Effect of losartan and amlodipine on proteinuria and transforming growth factor-ß1 in patients with IgA nephropathy

Hyeong Cheon Park, Zhong Gao Xu, Sorae Choi, Young Suck Goo, Shin Wook Kang, Kyu Hun Choi, Sung Kyu Ha, Ho Yung Lee and Dae Suk Han

Department of Internal Medicine, College of Medicine, Institute of Kidney Disease, Yonsei University, Seoul, Korea

Background. Transforming growth factor-ß1 (TGF-ß1) is the major profibrotic cytokine involved in many renal diseases, and urinary TGF-ß1 reflects intrarenal TGF-ß1 production. Urinary TGF-ß1 excretion is reported to be significantly increased in patients with immunoglobulin A (IgA) nephropathy. The aim of the present study was to compare the effects of losartan and amlodipine on proteinuria, as well as on serum and urine TGF-ß1 levels in IgA nephropathy patients with hypertension and proteinuria.

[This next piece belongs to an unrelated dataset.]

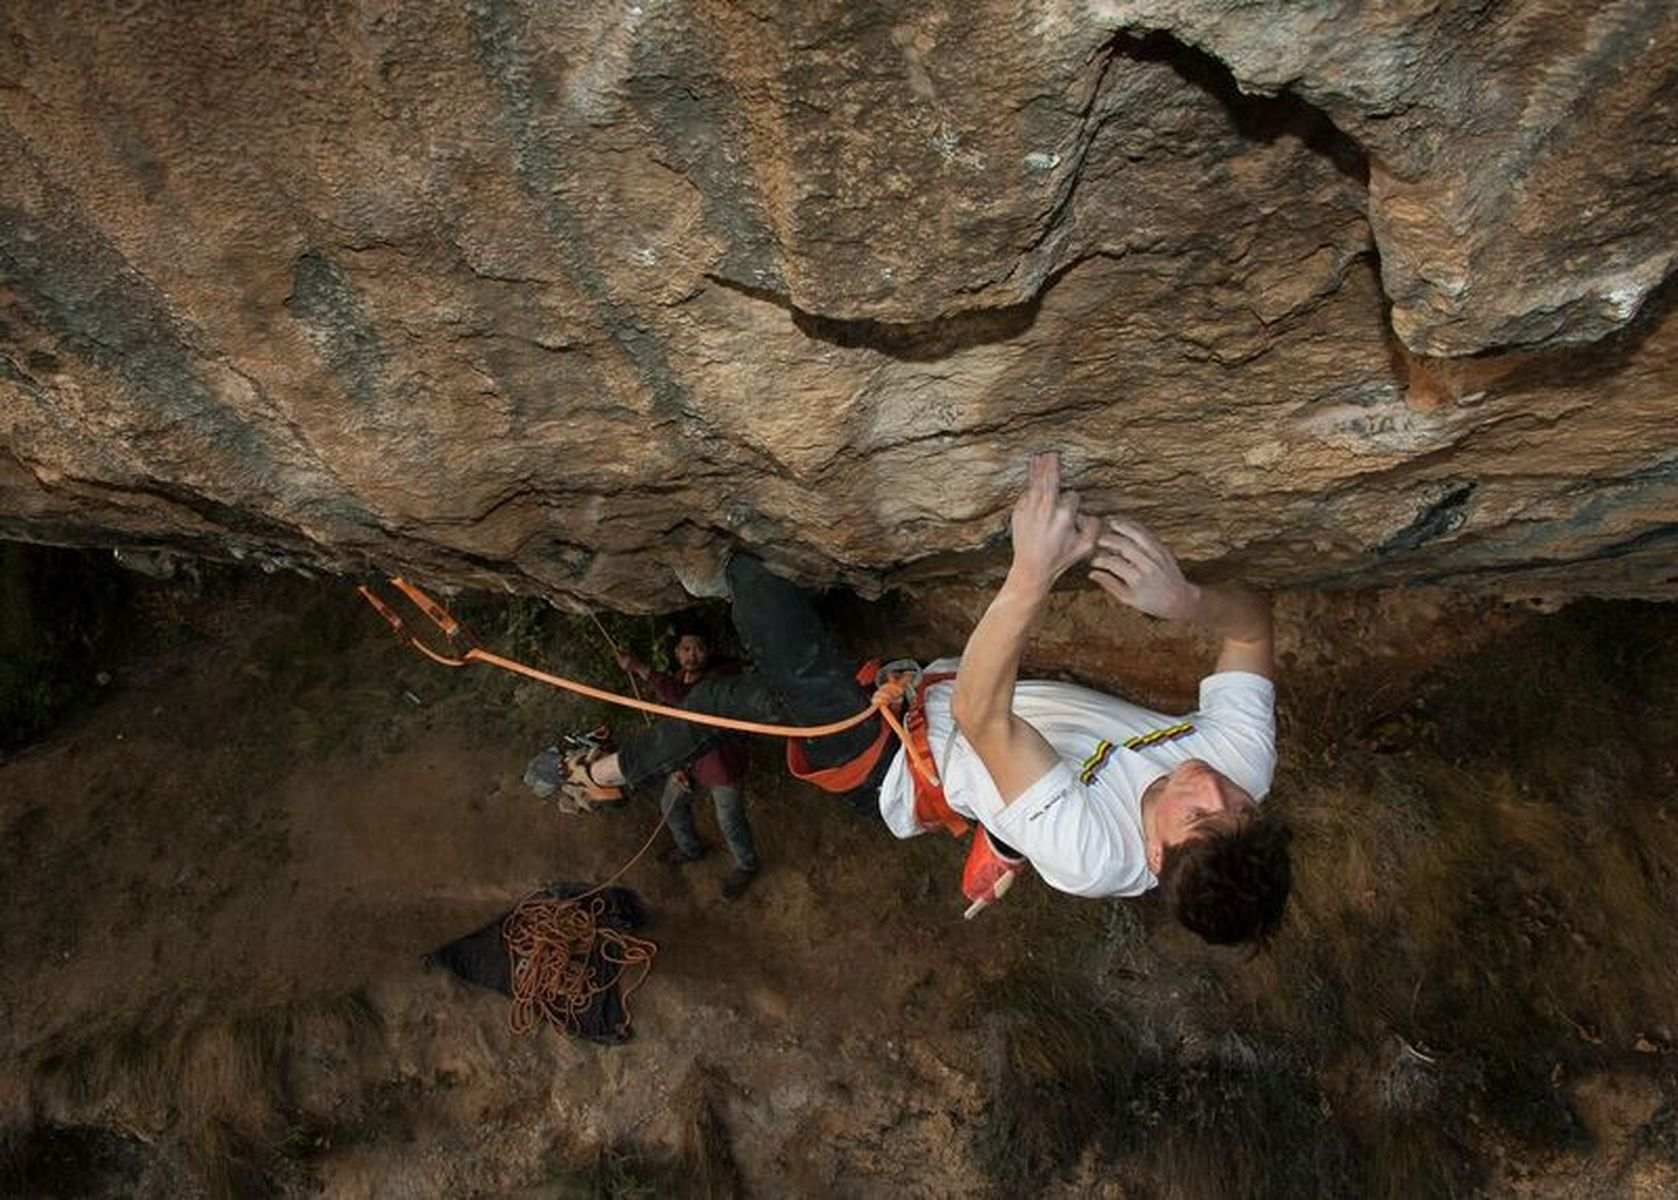 interview philipp gaßner klettern kletterszene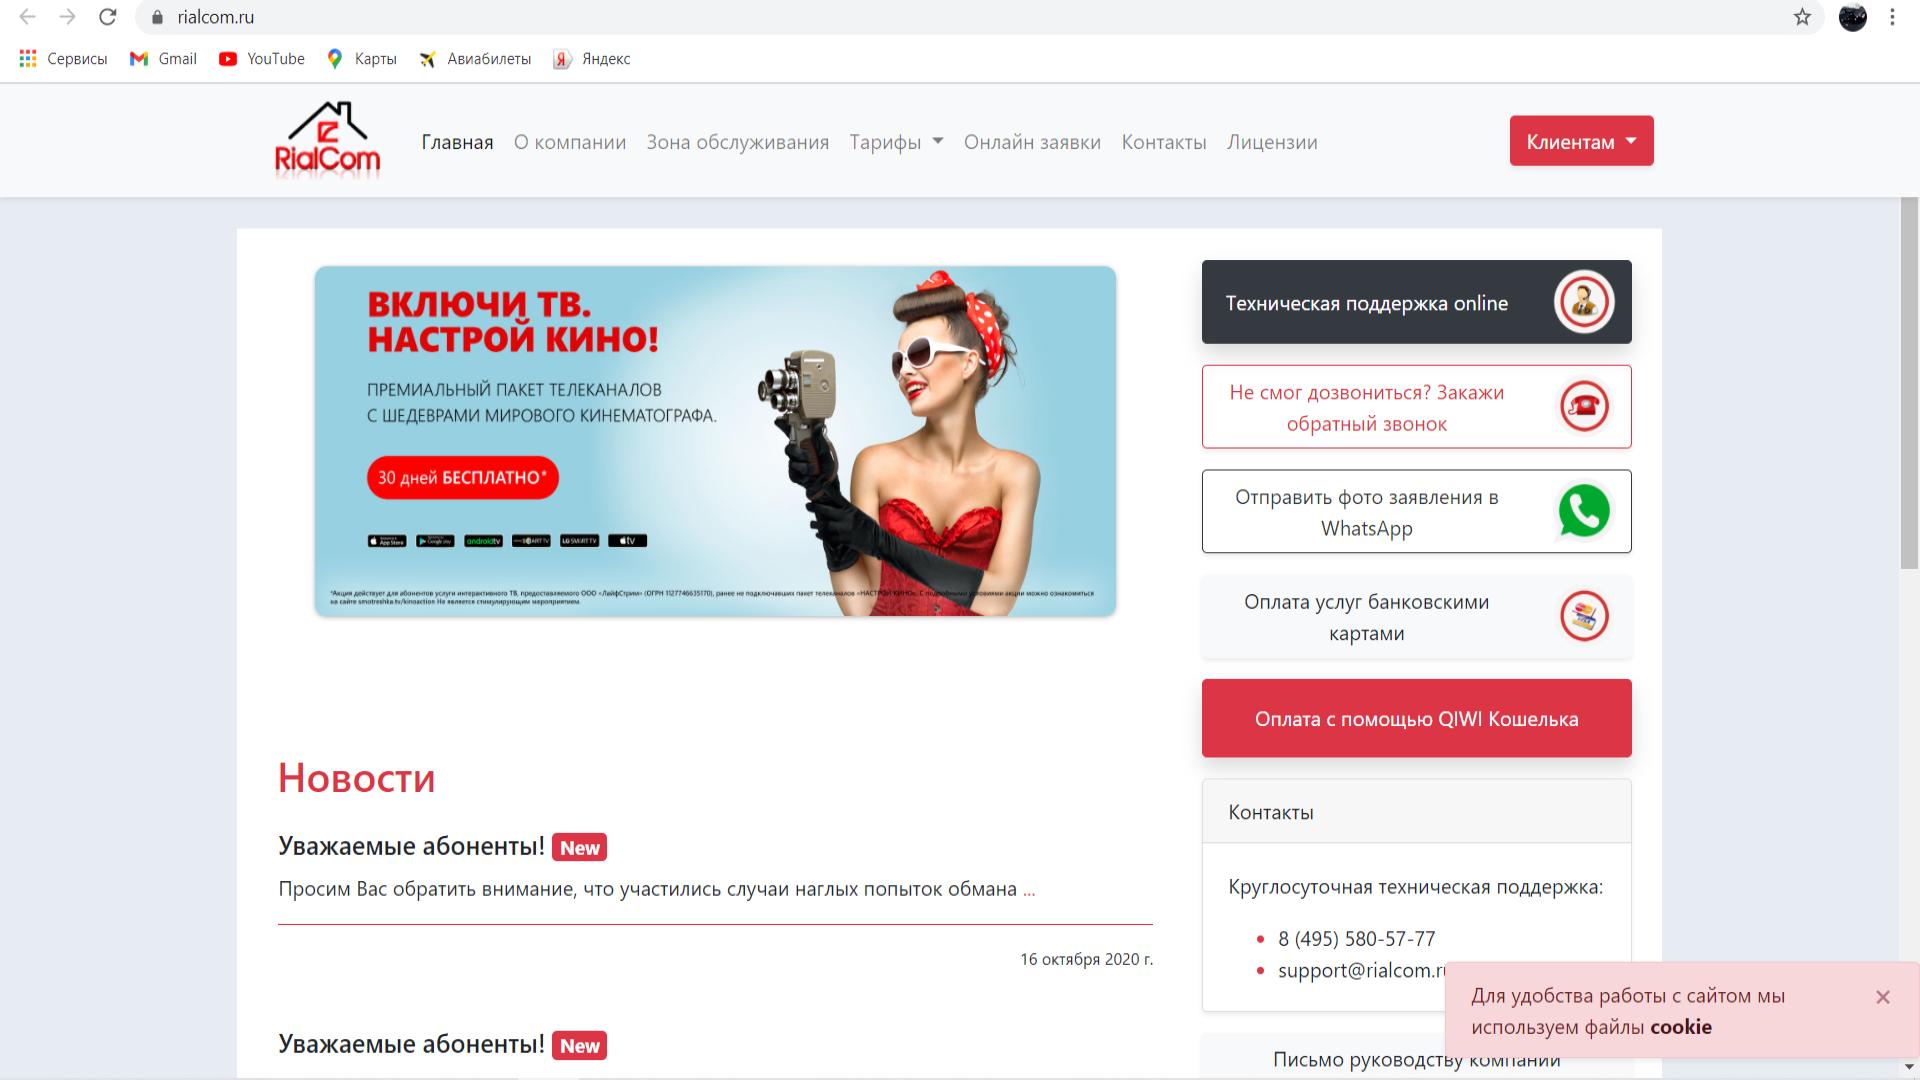 официальный сайт риалком

Methods. The initial 4 week washout period was followed by 12 weeks of active treatment, in which patients were randomized to once-daily treatment with losartan 50 mg (group 1, n=20) or amlodipine 5 mg (group 2, n=16). Urinary protein and TGF-ß1 excretion, serum TGF-ß1 and other clinical parameters were determined at baseline and during 12 weeks of active treatment.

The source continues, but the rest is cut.